The focus on precursor conditions and precursor indicators is also important to both missions. Learning to recognize potential precursors to terror attacks is already an important part of security management. Here again, the support given to reliability professionals in high reliability management is important. These individuals are often ones who look for and detect weak signals. In organizations with high reliability management, there is generally a receptivity to spokespersons for a neglected perspective. Terms such as “I find myself in uncharted territory” or “I’m not comfortable taking this action” are taken seriously, especially when those using them also have the ability to stop work or veto actions as part of their job authority.

Challenges in safety and security management integration. It will not be easy to bring both safety and security missions under a larger framework of high reliability management. This will require developing both a wider scope and longer time frame of anticipation and at the same time, a more distributed participation in error detection and precursor resilience. A higher resolution anticipation entails gathering a wider range of information and applying more imagination to the analysis of both external and internal threats over a range of scales, scope, and time.

Enlarged time horizons for anticipation and planning could uncover both slow motion safety and vulnerability issues, such as the design-based vulnerability described earlier, or even climate change, that are likely to grow over time. Enhanced anticipation will likely need to be matched by a wider range in the scale of reliability management to include recognizing inter-organizational and even international precursors of accidents or assaults and the ability to manage defenses and responses on these international scales.
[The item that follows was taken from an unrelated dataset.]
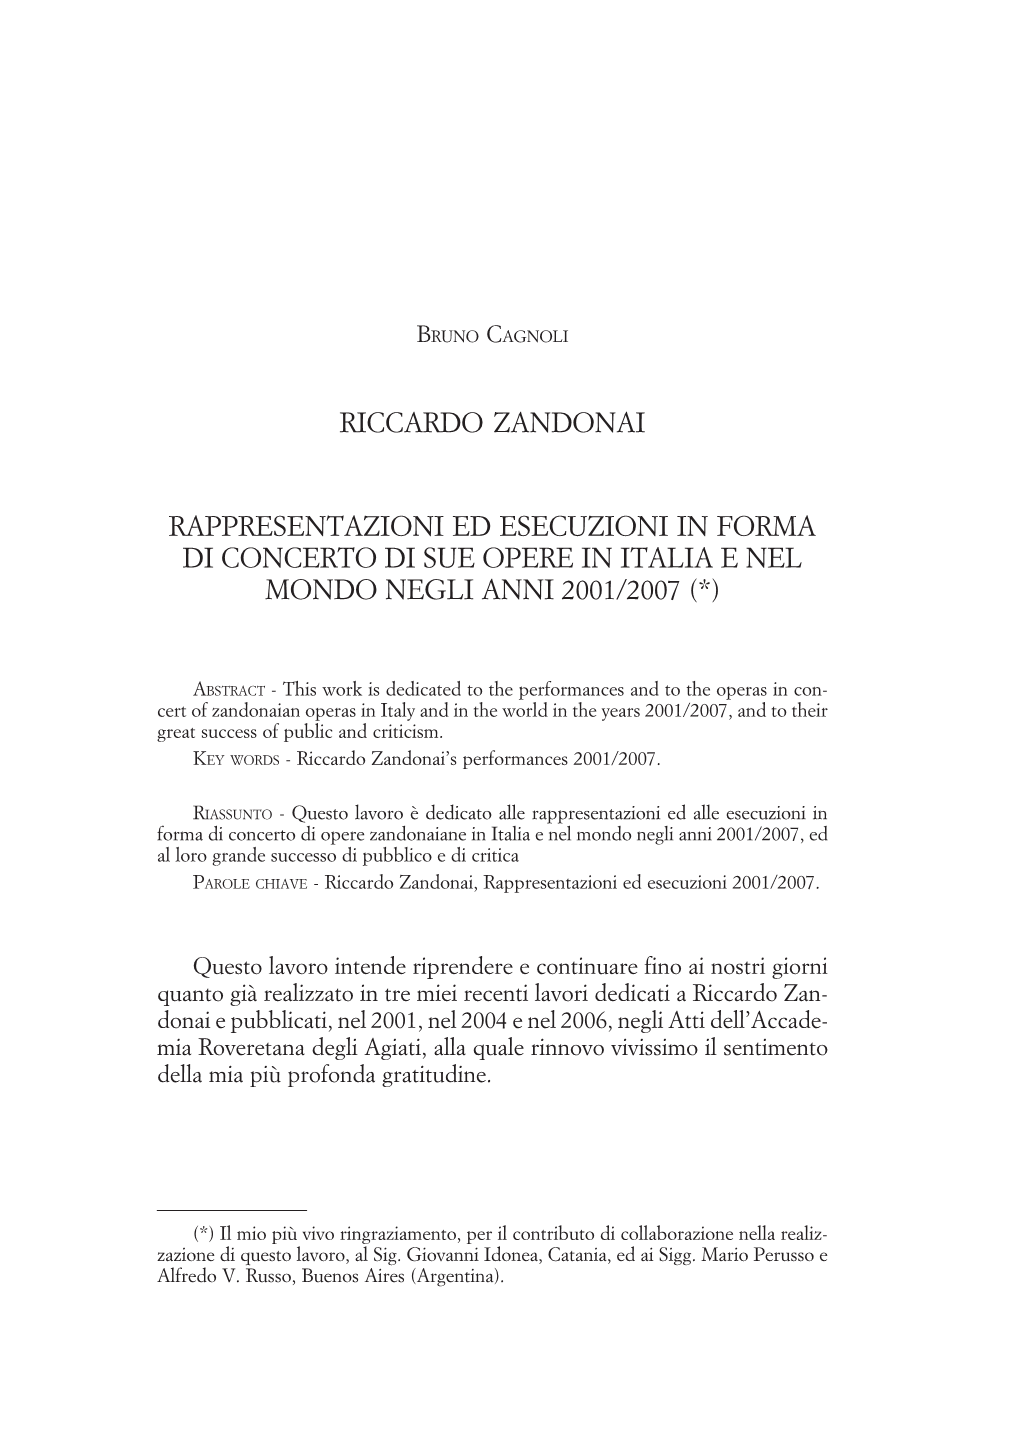 Riccardo Zandonai Rappresentazioni Ed Esecuzioni in Forma Di Concerto Di Sue Opere in Italia E Nel Mondo Negli Anni 1994/ 2000, Rovereto 2001)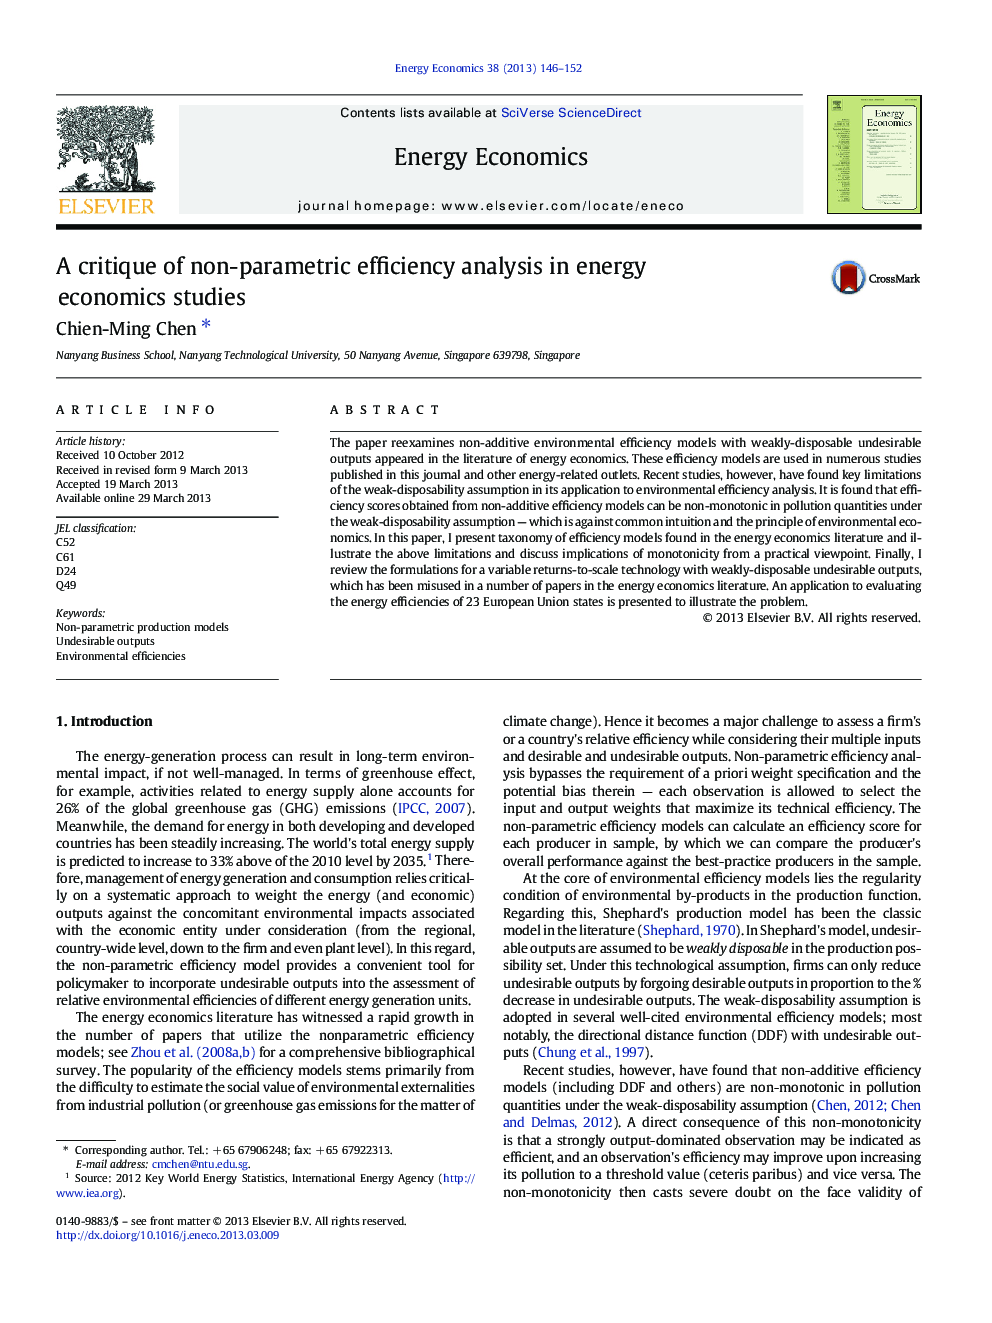 نقد تحلیل راندمان غیر پارامتریک در مطالعات اقتصاد انرژی

Teams also can be important to enlarging the range of organizational resilience in the face of failure or attack. In many cases, reliability professionals in teams function effectively as first responders after failure or attack, bringing their experience and effectiveness at pattern recognition quickly to bear in guiding action to limit damage or speed recovery. The role of U.S. air traffic controllers in clearing the skies of all aircraft quickly after the onset of the 9/11 terror attacks is a good example of this emergency response role at the service of both safety and security. Organizations can train and support their reliability professionals to use their skills as a means to improve both the anticipation of vulnerability and the capacity for resilience to back-up reliability in the promotion of both safety and security.

9.4 Conclusion

It is possible, based on the argument above, that applying an overlapping high reliability management framework to both safety and security missions cannot only enhance both but will also actually protect against their undermining one another. The error sensitivity at the foundation of high reliability management can also apply to the identification of and reaction to leading precursor indicators of one mission undermining the other. It is important to think carefully about this enhanced reliability and how it might be lost to both safety and security objectives if these objectives were to be treated as separate processes and managed in separate management domains alone.